# Mathematical interpretation of why Gradient descent works

For minimizing a differentiable multivariable function $f(\mathbf x)$ with initial value of $\mathbf x_0$, the fastest decreasing would be the direction of negative gradient of $f(x)$ since its gradient points to fastest ascending direction. The updating rule

$\begin{equation} \mathbf x_{t+1} = \mathbf x_t - \eta\nabla f(\mathbf x_t), t=1,2~\cdots \end{equation}$

with sufficiently small $\eta$ leads to $f(\mathbf x_{t+1})<f(\mathbf x_t)$. The scalar constant $\eta$ is the step size determining how far the updating moves in the negative gradient direction, which is usually called learning rate in machine learning model training.

### But, why $\eta$ has to be small?

To gain the mathematical interpretation, assume the general context of

$\begin{equation} \min_{\mathbf x}f(\mathbf x), \mathbf x\in \mathcal R^m \end{equation}$

with initial condition $\mathbf x=\mathbf x_0$.

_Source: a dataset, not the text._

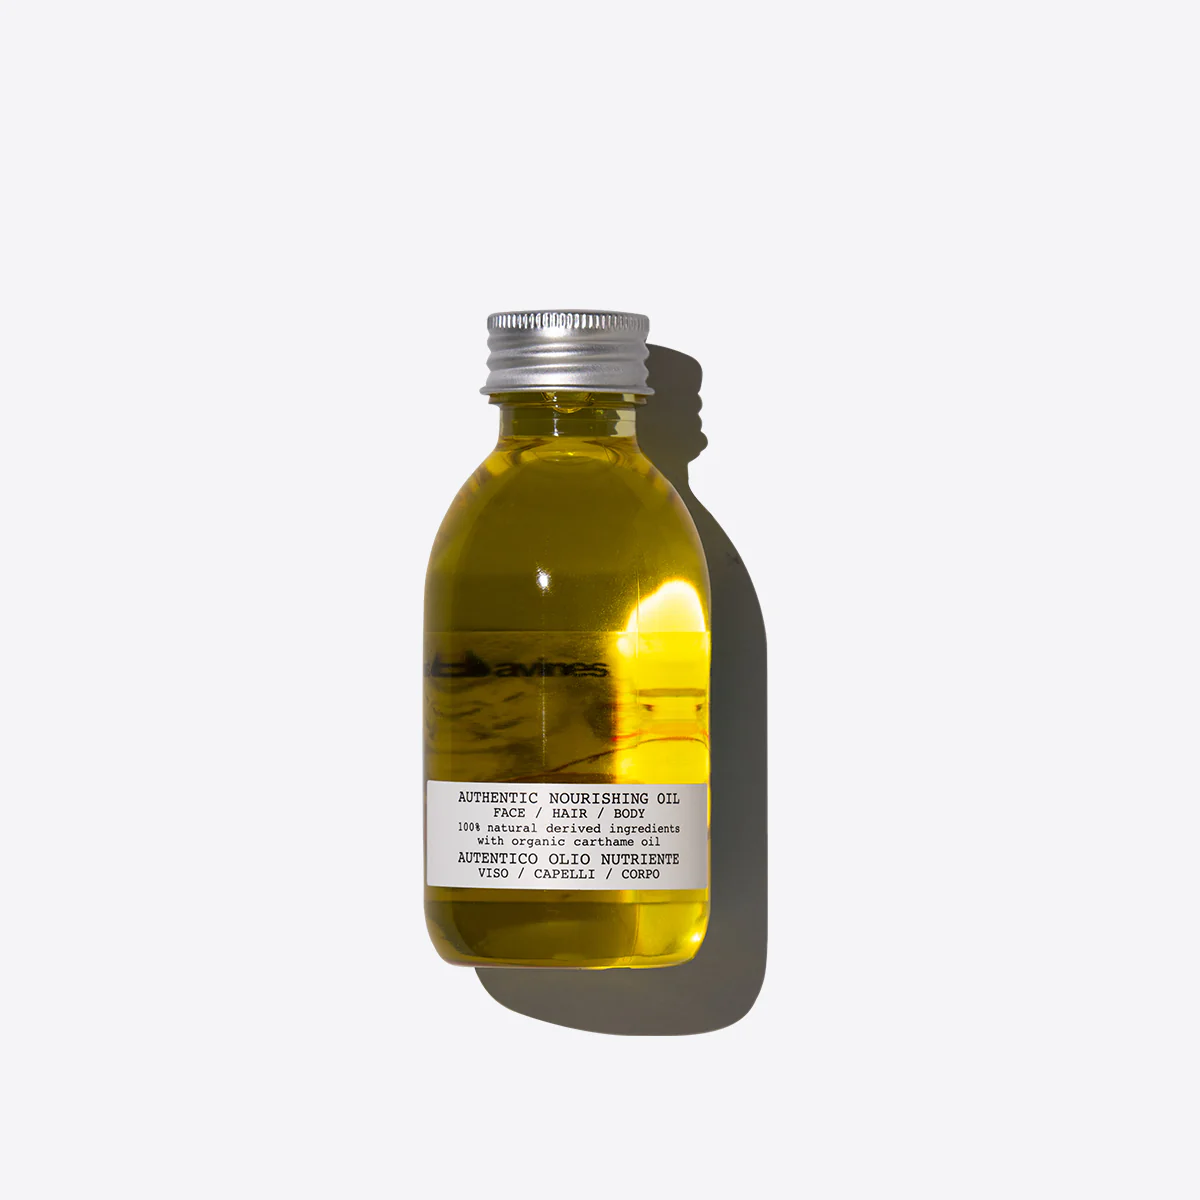 Authentic Nourishing Oil - Питательное масло для лица, волос и тела , объем 140 мл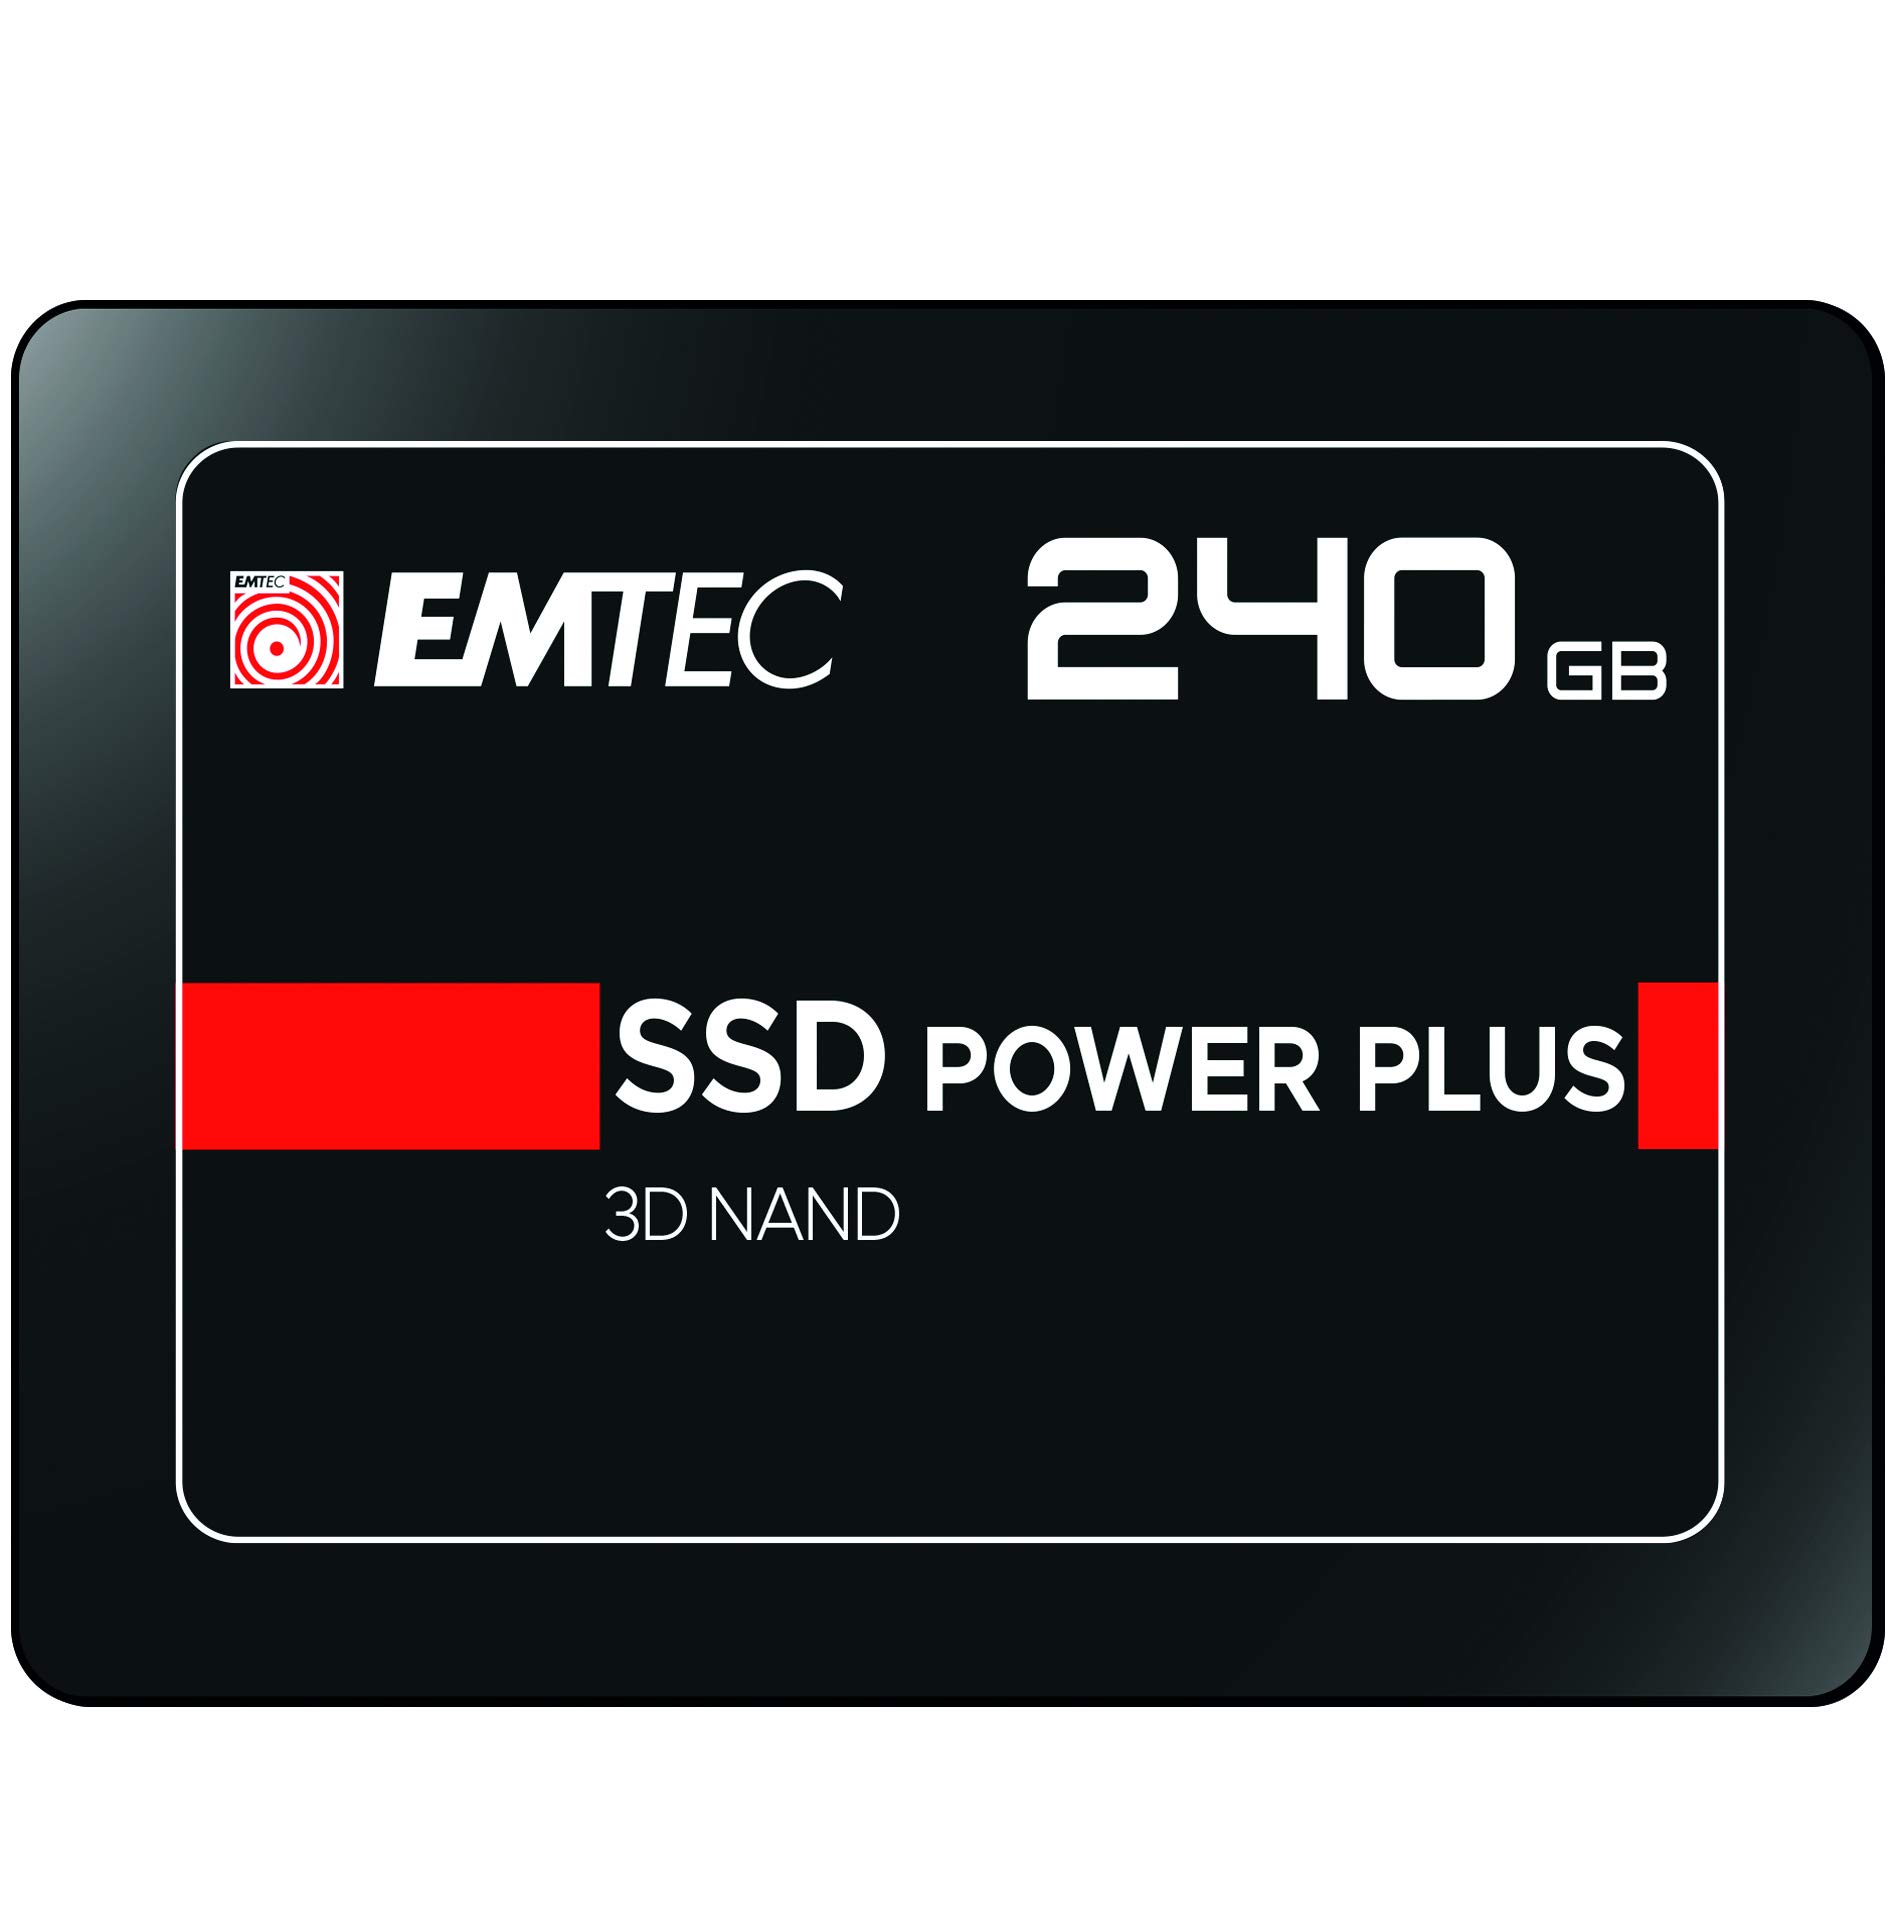 EMTEC 240GB SSD Sata III

The goal of first updating is to find $\mathbf x_1=\mathbf x_0+\Delta\mathbf x$ such that

$\begin{equation} f(\mathbf x_1) \le f(\mathbf x_0), \end{equation}$

where $\Delta\mathbf x$ is the updating vector.

First we approximate $f(\mathbf x_1)$ with the first-order Taylor expansion as

$\begin{equation} f(\mathbf x_1) = f(\mathbf x_0 + \Delta\mathbf x)=f(\mathbf x_0)+\Delta\mathbf x^T\nabla f(\mathbf x_0), \end{equation}$

$\begin{equation} f(\mathbf x_1) - f(\mathbf x_0)=\Delta\mathbf x^T\nabla f(\mathbf x_0). \end{equation}$

Now to ensure the semi-negative definite of $f(\mathbf x_1) - f(\mathbf x_0)$, we can simply choose

$\begin{equation} \Delta\mathbf x = -\eta\nabla f(\mathbf x_0) \end{equation}$

and then we have

$\begin{equation} f(\mathbf x_1) - f(\mathbf x_0)=-\eta\|\nabla f(\mathbf x_0)\|^2 \le 0, \end{equation}$

for some scalar constant $\eta$, and $\|\nabla f(\mathbf x_0)\|^2=0$ if and only if $f(\mathbf x_0)$ is already the minimum.

To sum up and generalize to step $t$, the updating rule

$\begin{equation} \mathbf x_{t+1} = \mathbf x_t - \eta \nabla f(\mathbf x_t) \end{equation}$

drives the searching towards the minimum given that the proper value of $\eta$ can ensure that $x_{t+1}$ is close enough to $x_t$ such that first-order approximate is a valid approximate with tolerable error.